Higher oil prices and increased output helped BP quadruple its second-quarter profit from a year earlier as the oil major finally shakes off the after-effects of 2010’s Deepwater Horizon spill and the last oil market slump.
Second-quarter results have been a mixed bag for the world’s top oil companies. Total beat forecasts and boosted production targets while Royal Dutch Shell launched a $25 billion share buyback programme despite profits falling short of expectations.
U.S. majors Exxon Mobil Corp and Chevron Corp disappointed Wall Street.
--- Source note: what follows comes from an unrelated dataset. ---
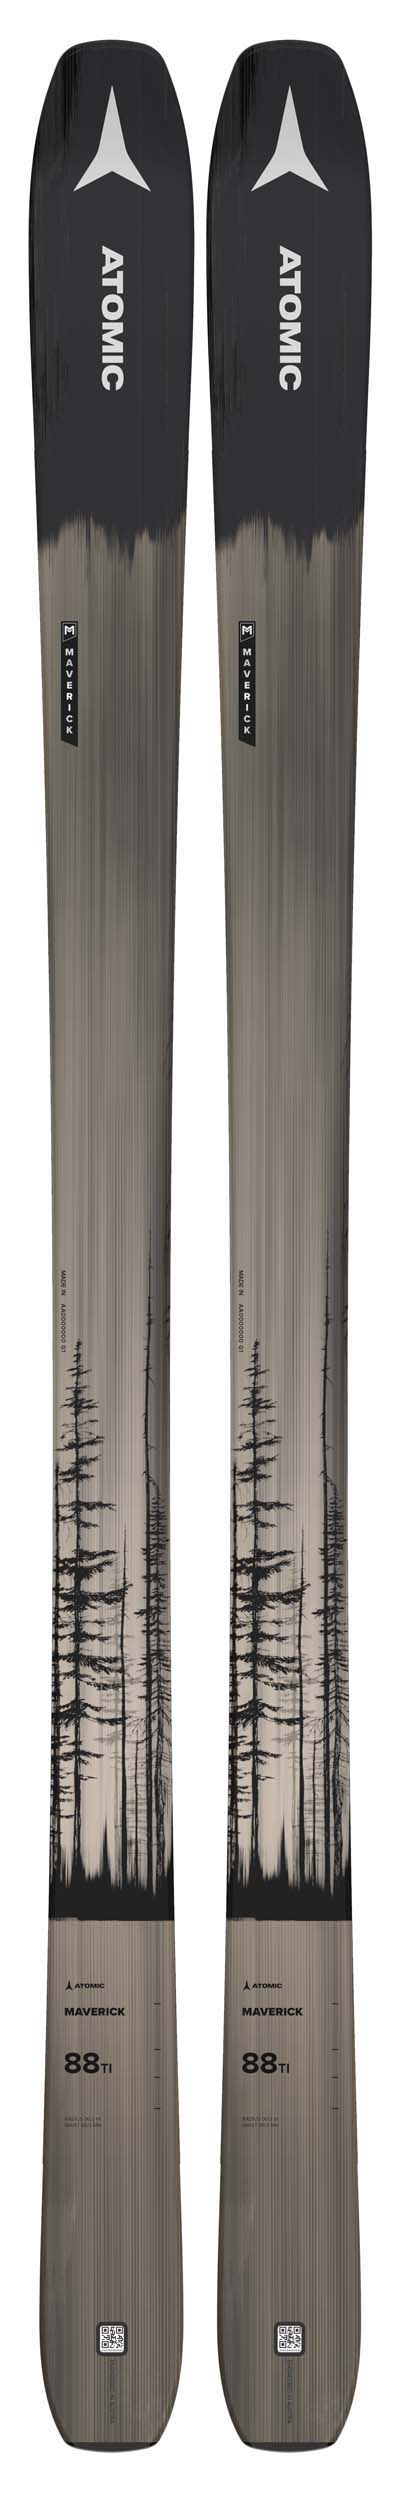 Atomic 2022 Maverick 88 TI Skis (Without Bindings / Flat) NEW !! 169cm

BP confirmed it would increase its quarterly dividend for the first time in nearly four years, offering 10.25 cents a share, an increase of 2.5 percent. It bought back shares to the tune of $200 million in the first half.
In a further sign of recovery, BP last week agreed to buy U.S. shale oil and gas assets from global miner BHP Billiton for $10.5 billion.
The deal, BP’s first major acquisition in 20 years, marked a watershed for the company in the United States as it looks to leave behind the $65 billion fallout from the deadly explosion of its Deepwater Horizon rig in the U.S. Gulf of Mexico.
Benchmark Brent crude futures, currently over $74 a barrel, rose around 16 percent in the first half of 2018 and are up about 60 percent since June last year.
BP’s output in the first six months of the year was 3.662 million barrels of oil equivalent (boe) per day, including production at Russia’s Rosneft, of which it owns just under a fifth, from 3.544 million boe per day a year earlier.
That helped underlying replacement cost profit, BP’s definition of net income, rise to $2.8 billion, exceeding forecasts of $2.7 billion, according to a company-provided survey of analysts.
It earned $0.7 billion a year earlier and $2.6 billion in the first quarter. BP’s shares were up around 1.2 percent, hitting a two-week high in early trading.
BP has paid around $2.4 billion of expected 2018 costs of just over $3 billion related to Deepwater Horizon, and plans to split the outstanding payments equally between the third and fourth quarters, Chief Financial Officer Brian Gilvary said.
Meanwhile, the company has tightened its investment budget for this year to around $15 billion from previously up to $16 billion and increased its divestment guidance to over $3 billion from $2-3 billion.
Gearing, the ratio between debt and BP’s market value, declined to 27.8 percent at the end of the quarter from 28.1 percent at the end of March. Net debt was $39.3 billion at the end of June compared with $40 billion at the end of March.
“With gearing nudging down sequentially, dividends raised, and execution on track, 1Q and 2Q are the start of a new positive trend for BP,” Bernstein analyst Oswald Clint said.